# Indoor male pigeon to a nice home! (southern california/los angeles area)



## pidgeypigeons (Apr 11, 2012)

It breaks my heart to give him up, but I think it's for the best.

Last summer my boyfriend had picked up a juvenile pigeon who was very ill and laying in the middle of the sidewalk. He was too old for handfeeding but he didn't get the hang of eating seed for a few weeks even once he got healthy. He follows me all around the apartment and will rest on my shoulder or hand, but being a male he's really aggressive.

The problem is there's not much space in here, and I don't have the room for him to fly around. He doesn't get spooked easily either so I'm very afraid of something bad happening to him or being picked up by a hawk if I were to release him.

Of course I'd love to keep him and I will if no one replies, but if there's a better way for him to live then I hope he becomes a great pet or mate for another pigeon. Hopefully he can go to someone else who can accommodate indoor pigeons!


----------



## Jivu (Feb 1, 2010)

Aw, any pictures? I live in So Cal also, and I happen to have a lonely lady pidge- actually been looking to get her a mate. I'd obviously have to check with my roommates first, but I might be a possible good home for the boy  What's his name?


----------



## pidgeypigeons (Apr 11, 2012)

Jivu said:


> Aw, any pictures? I live in So Cal also, and I happen to have a lonely lady pidge- actually been looking to get her a mate. I'd obviously have to check with my roommates first, but I might be a possible good home for the boy  What's his name?


Oh that would be great! He's a bit noisy, always coos when I walk in the room, so yes let me know if it's alright.

His name is Poe


----------



## Susan (Mar 12, 2008)

I would love to give your guy a home! The mate to one of my female pigeons just died on Sunday.

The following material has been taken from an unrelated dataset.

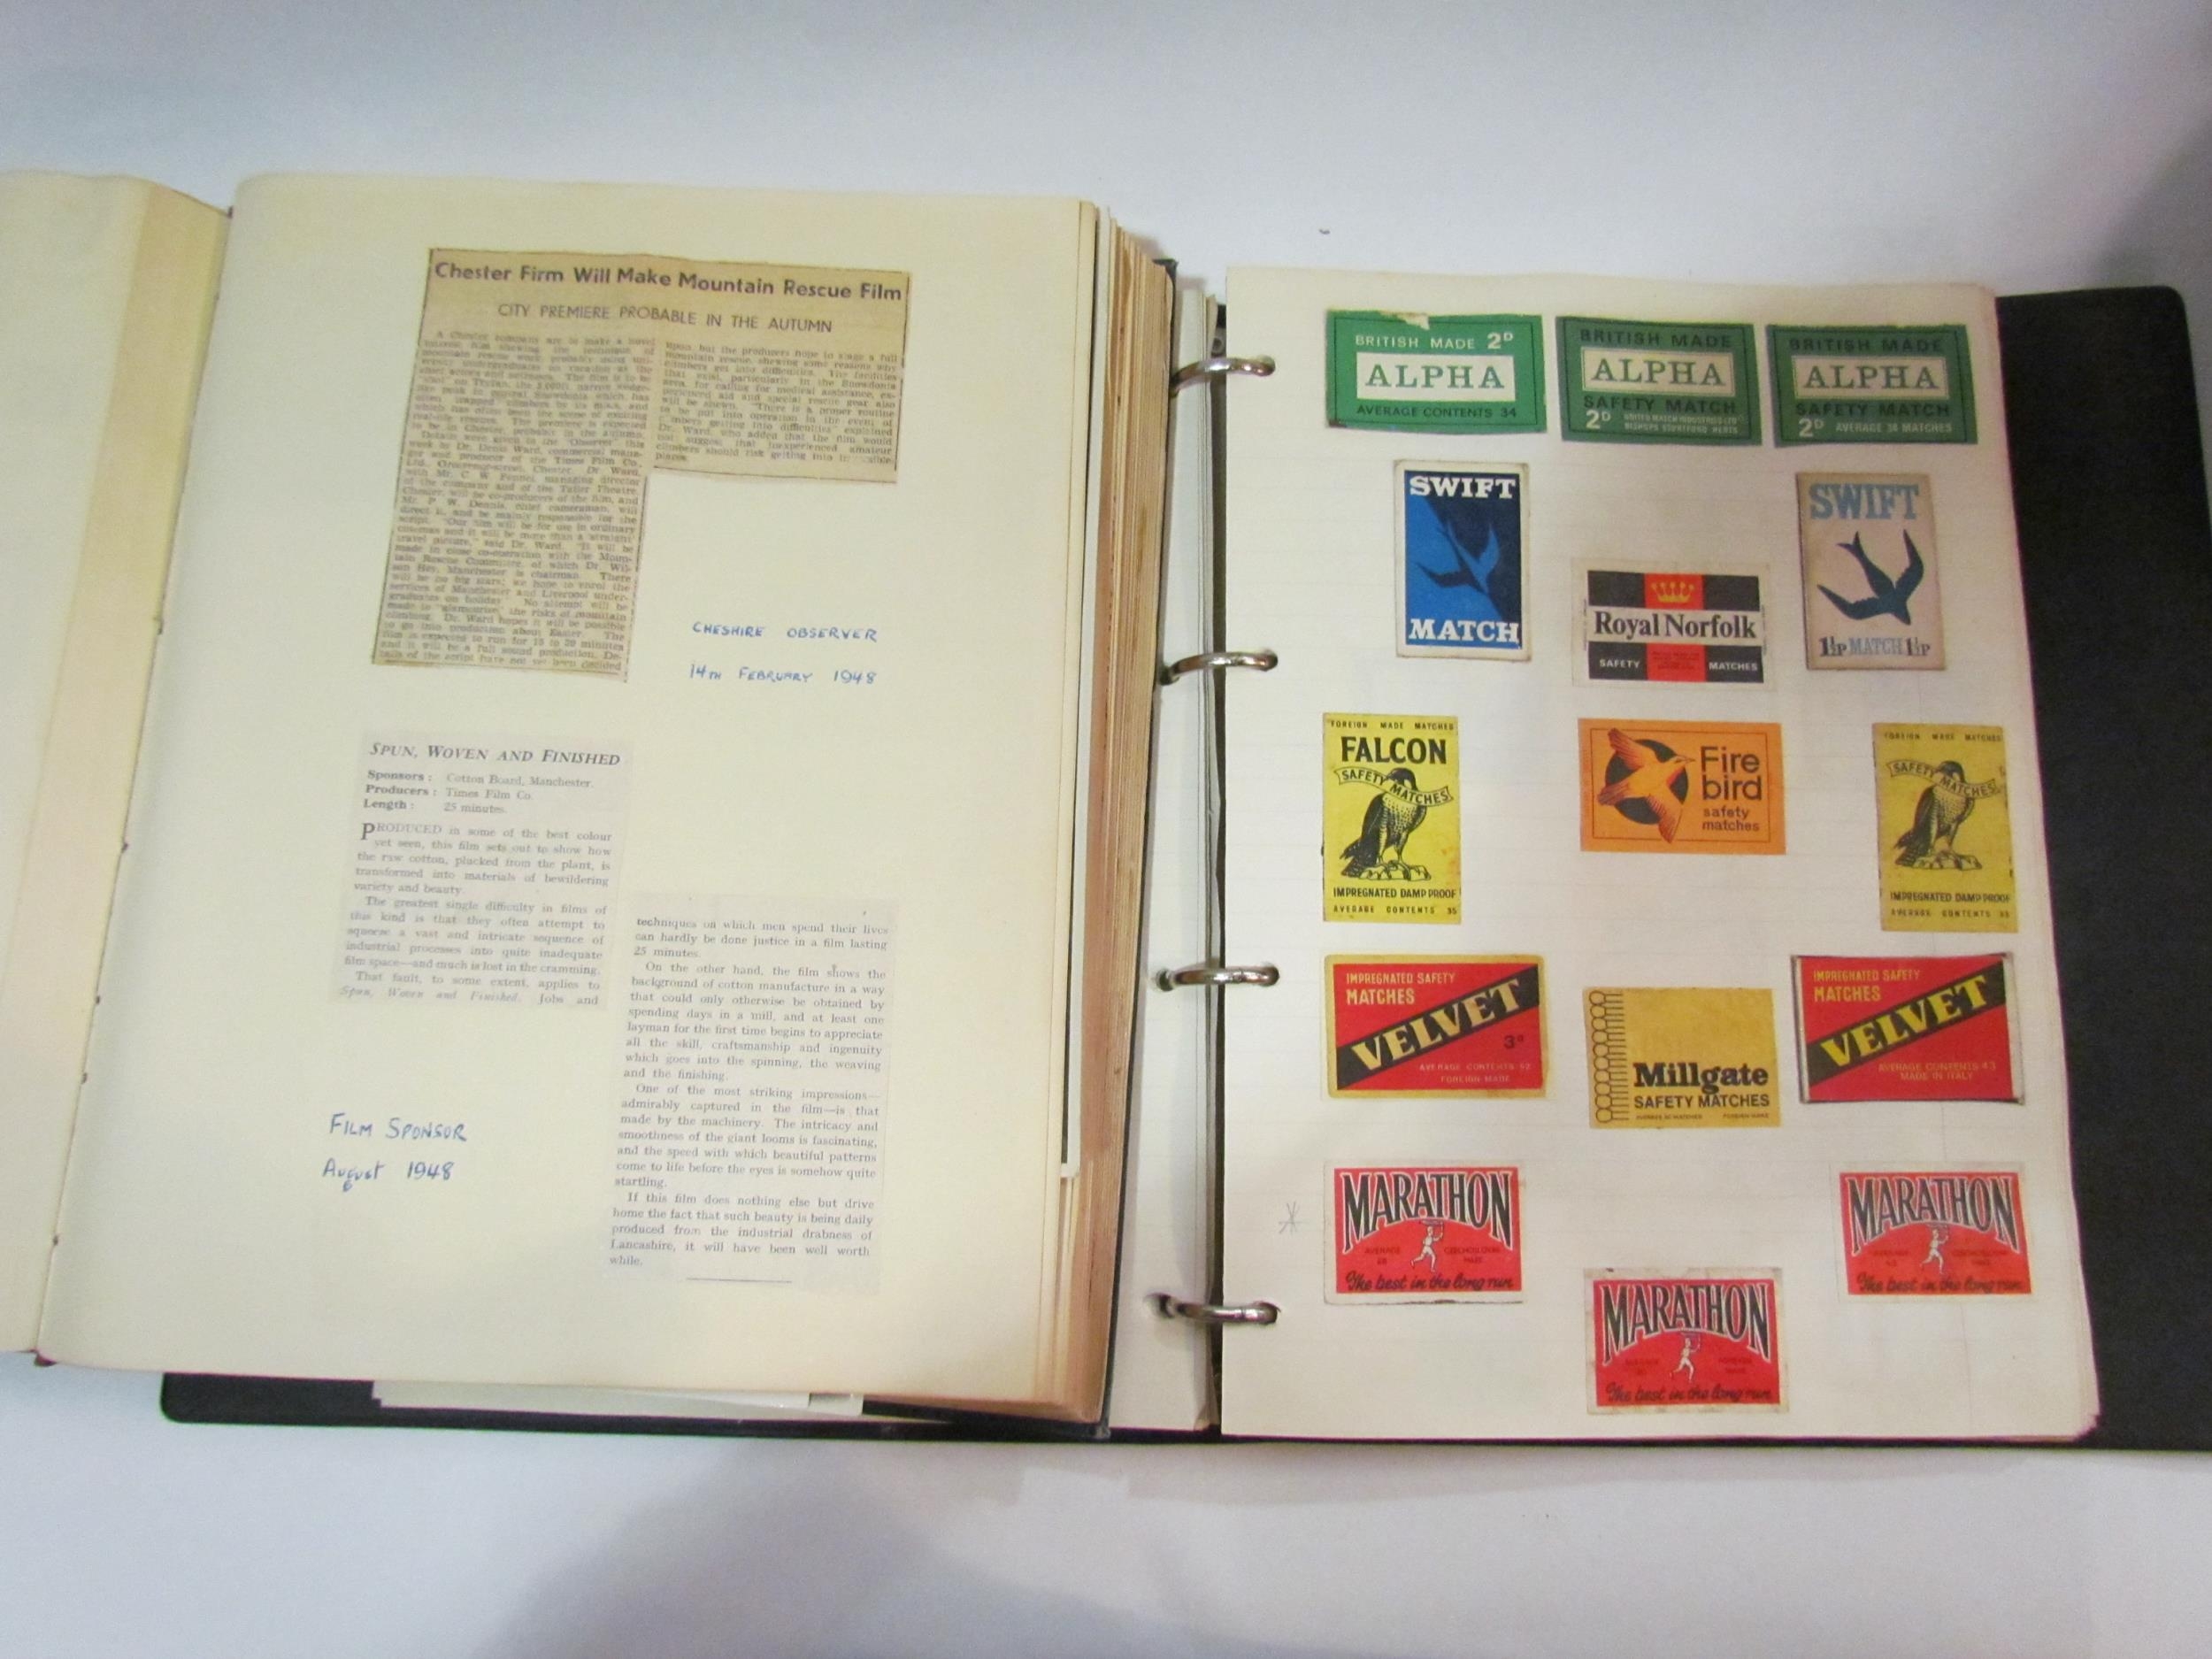 Two albums, one containing Matchbox covers, the other a scrapbook relating to Mr. Dennis an early

We have a nice aviary in our backyard with about 20 other pigeons. The rest are mated, so I think she's lonely. We'll give him a great home with high quality food & fresh water every day. I'm in Culver City. Thanks.


----------



## pidgeypigeons (Apr 11, 2012)

Susan said:


> I would love to give your guy a home! The mate to one of my female pigeons just died on Sunday. We have a nice aviary in our backyard with about 20 other pigeons. The rest are mated, so I think she's lonely. We'll give him a great home with high quality food & fresh water every day. I'm in Culver City. Thanks.


Oh wow! I'd be so glad if you'd take my Poe  The other poster in this thread hasn't responded so I think it's safe to give him to you. I'll PM you


----------



## Jivu (Feb 1, 2010)

Sorry!
Been busy trying to convince my roommates, but I think it is a no go  Got two yeses and one no.
He looks wonderful though, and I really do want to get Miss Stuart a friend at some point.


----------



## pidgeypigeons (Apr 11, 2012)

Jivu said:


> Sorry!
> Been busy trying to convince my roommates, but I think it is a no go  Got two yeses and one no.
> He looks wonderful though, and I really do want to get Miss Stuart a friend at some point.


What a cute name, Poe's "real" name is Sir Poe. They would have made a cute couple 

I understand though, he's a very noisy pigeon and I'm in the same situation having apartment pigeons


----------